La nueva revisión, realizada por investigadores de los Institutos Nacionales de la Salud (NIH) de EE. UU., encontró que los adultos vacunados que contrajeron infecciones postvacunación raras veces enfermaron de gravedad. La insuficiencia respiratoria, la necesidad de tratamiento en una unidad de cuidados intensivos, y la muerte también fueron muy poco comunes.

"Las vacunas tienen una alta efectividad y reducen en gran medida el riesgo de resultados graves por la COVID-19", señaló el investigador sénior, el Dr. Sameer Kadri, director de epidemiología clínica del Departamento de Medicina de Atención Crítica del Centro Clínico del NIH, en Bethesda, Maryland.

Los datos cubrieron un periodo de marzo de 2020 a octubre de 2021, cuando la grave variante delta del SARS-CoV-2 se propagó por todo Estados Unidos.

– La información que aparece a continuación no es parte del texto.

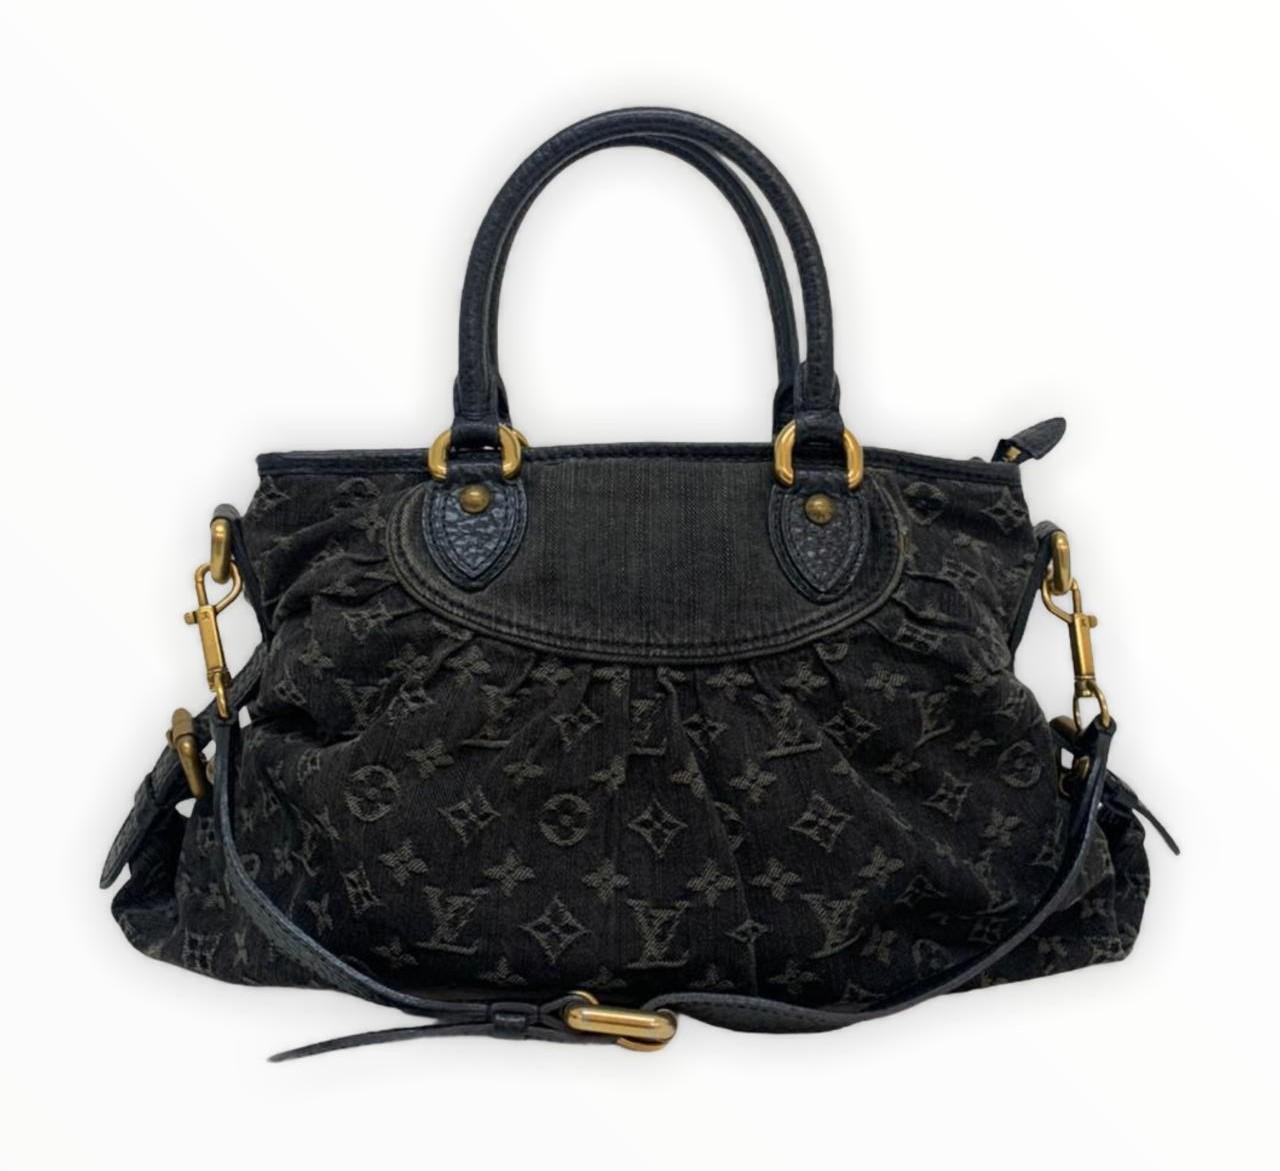 Bolsa Louis Vuitton Black Monogram Denim Neo Cabby

La ómicron, una variante que evade mejor la inmunidad pero que tiende a producir una enfermedad menos grave, todavía no había surgido.

La revisión incluyó datos de 1.2 millones de personas que estaban vacunadas por completo contra la COVID.

Entre las personas que tenían el riesgo más alto de enfermedad grave o muerte se encontraban las de a partir de 65 años, además de las que tenían unos sistemas inmunitarios comprometidos o enfermedades crónicas, como las que afectan a los riñones, el corazón, los pulmones, el hígado o el sistema nervioso, encontró el estudio.

Por cada 10,000 pacientes vacunados que desarrollaron COVID, 1.5 murieron y 18 tuvieron resultados graves, según el estudio. Todos los que tuvieron peores resultados presentaban al menos un factor de riesgo que los dejaba vulnerables a una COVID grave, y casi 8 de cada 10 que fallecieron tenían cuatro o más.

Además de recibir dos dosis de la vacuna de Pfizer o la de Moderna, o una dosis de la vacuna de Johnson & Johnson, las dosis de refuerzo ofrecen una protección adicional, apuntaron los investigadores.

Los Centros para el Control y la Prevención de Enfermedades (CDC) de EE. UU. recomiendan los refuerzos de Moderna y J&J para las personas de a partir de 18 años, y el refuerzo de Pfizer para todas las personas de a partir de 12 años.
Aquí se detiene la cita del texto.